Collected material:
━━━━━━━━
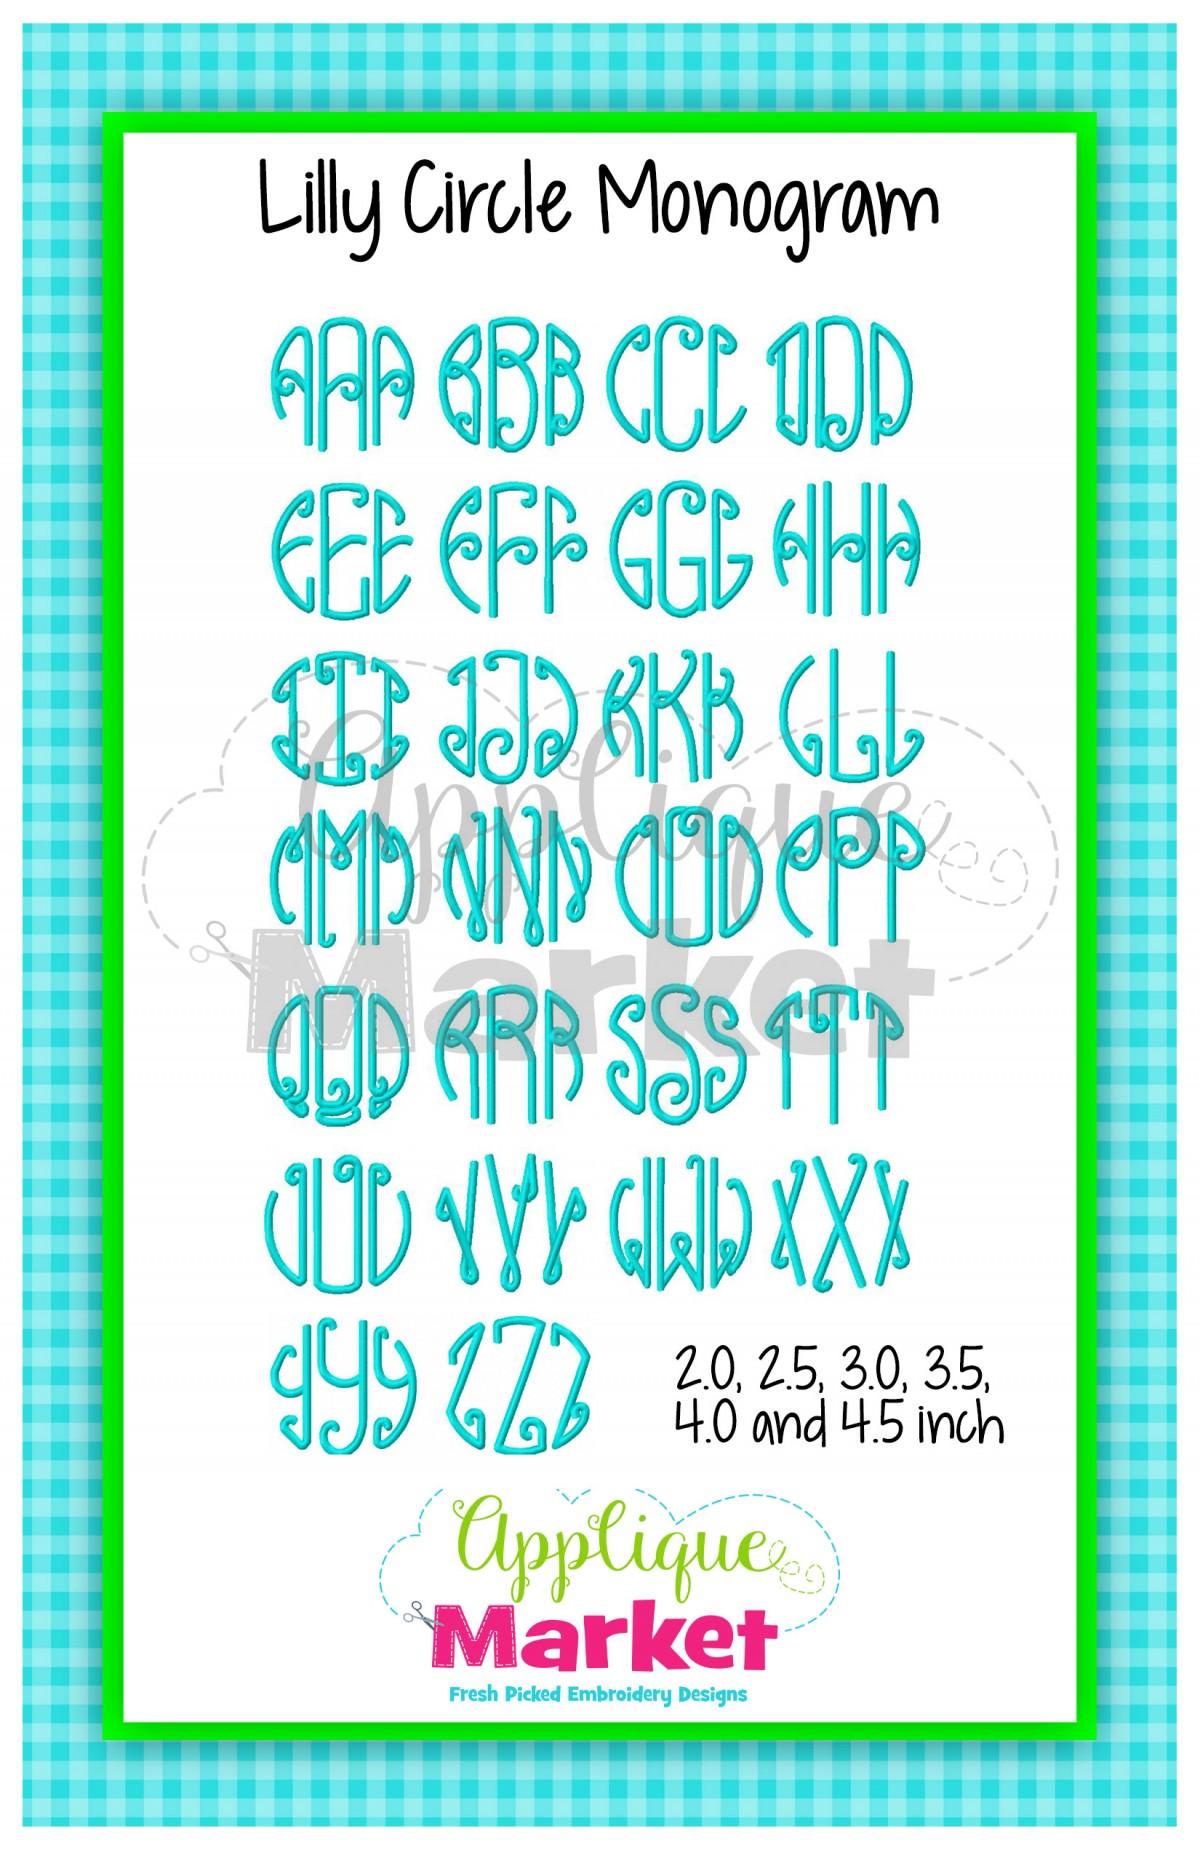 Lilly Circle Monogram Lique Design
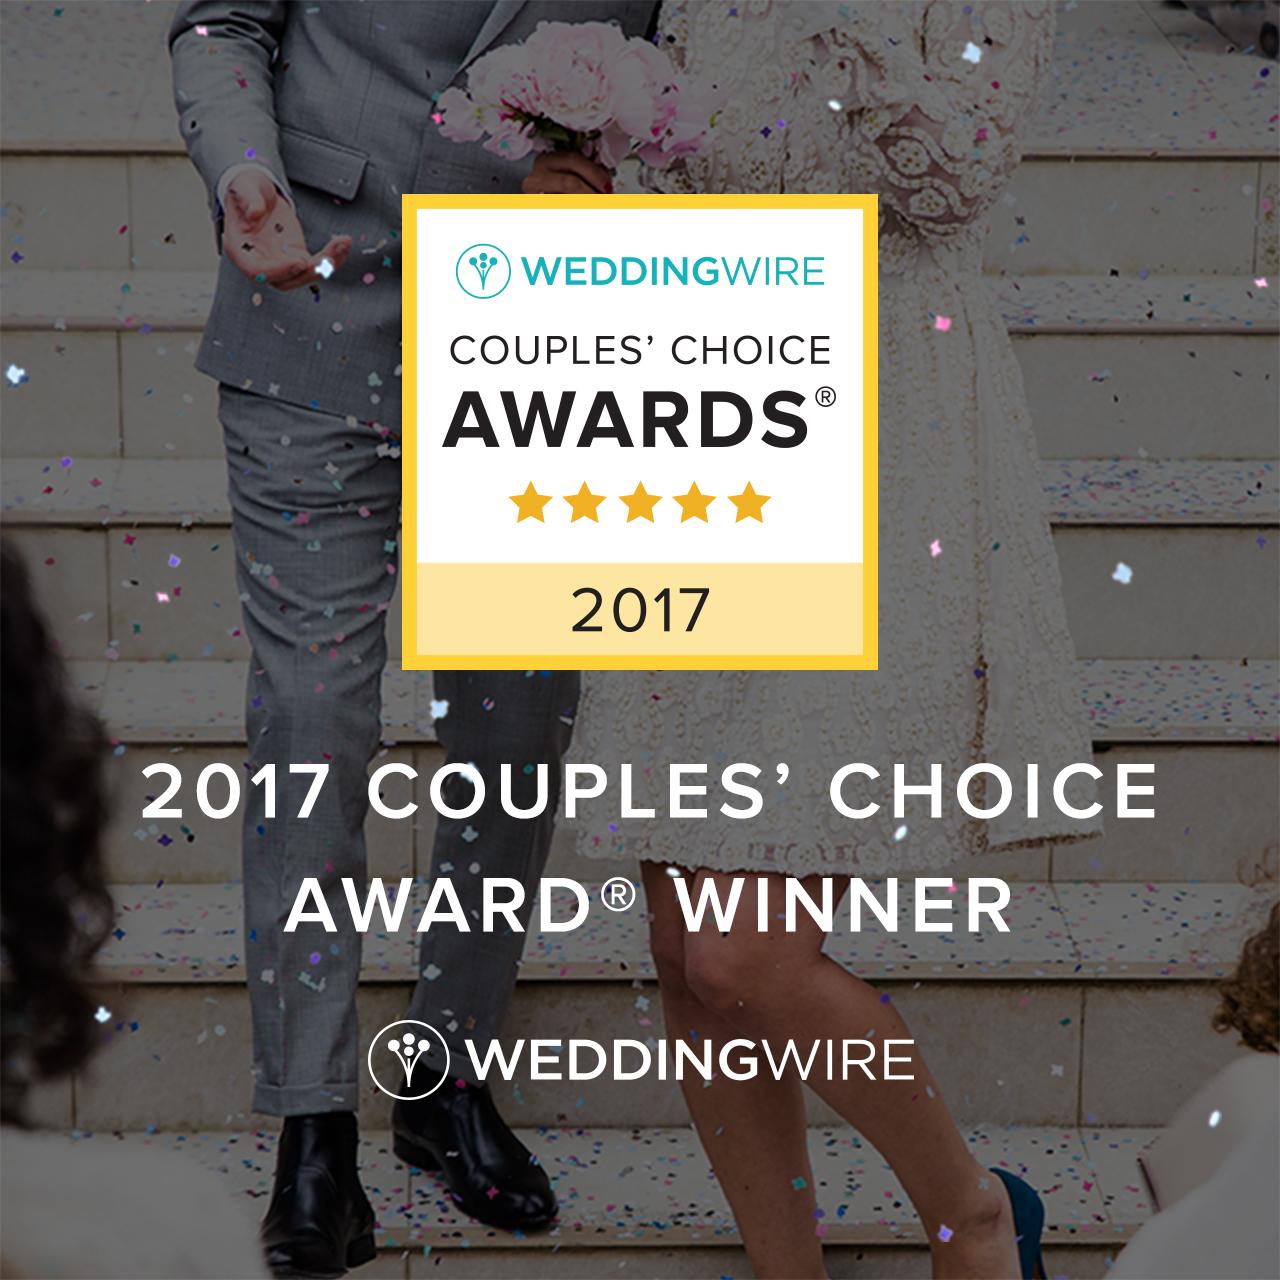 2017 Couples' Choice Award Winner
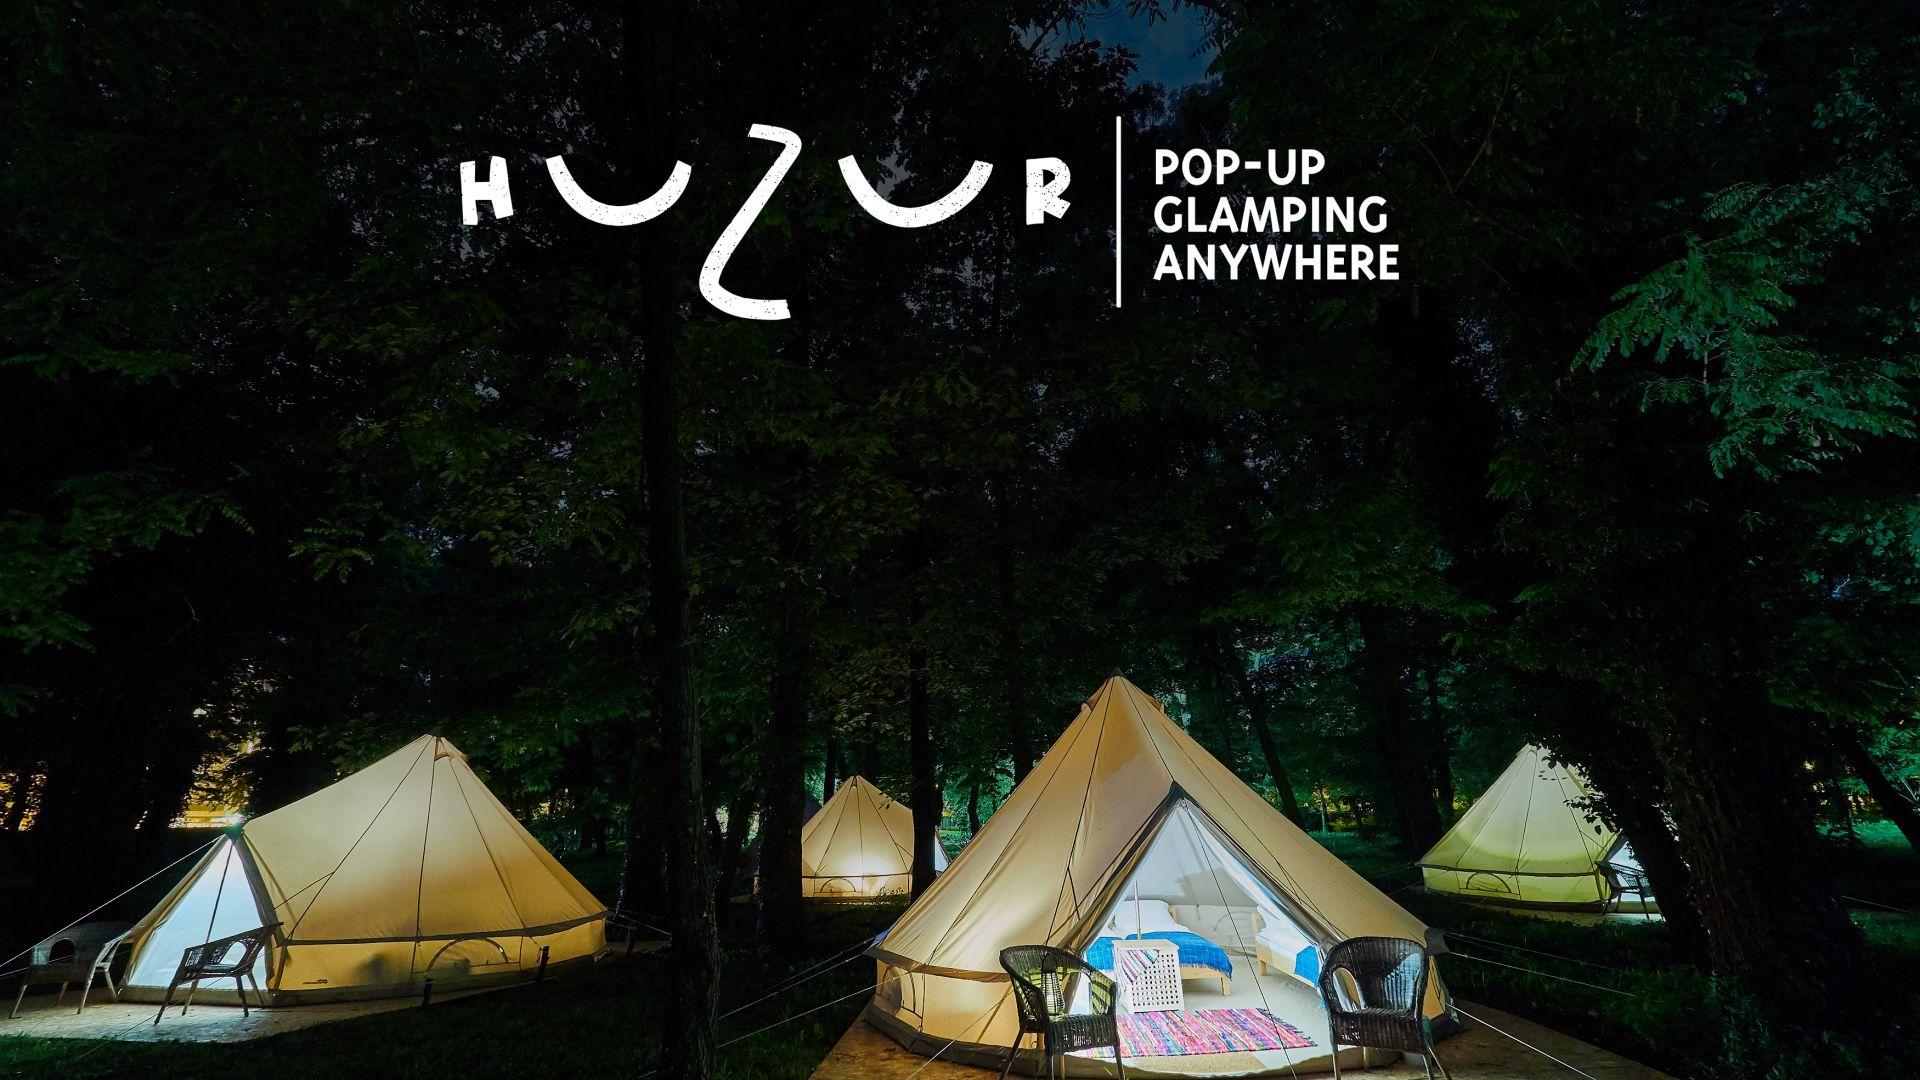 Huzur Glamping - Domeniul Stirbey Gallery
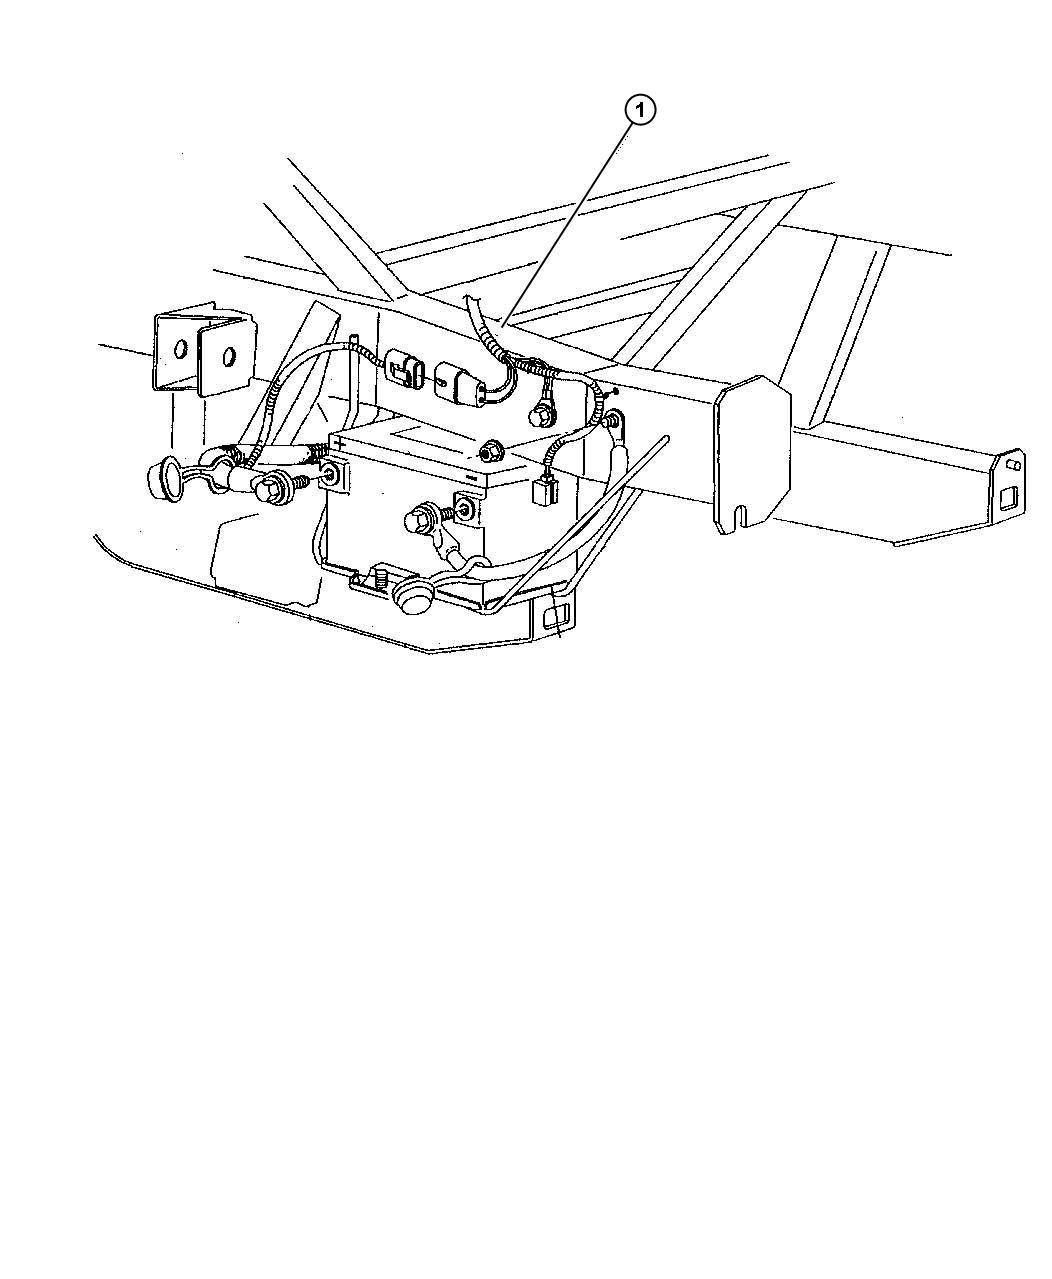 Dodge Viper Bracket. Wiring harness. Intake manifold
━━━━━━━━
What to do: Leaving the pictures out, copy exactly the lines from the line that contains "Huzur Glamping - Domeniul Stirbey Gallery" to the last line of the data, both ends included.

Answer space:
 Huzur Glamping - Domeniul Stirbey Gallery
 Dodge Viper Bracket. Wiring harness. Intake manifold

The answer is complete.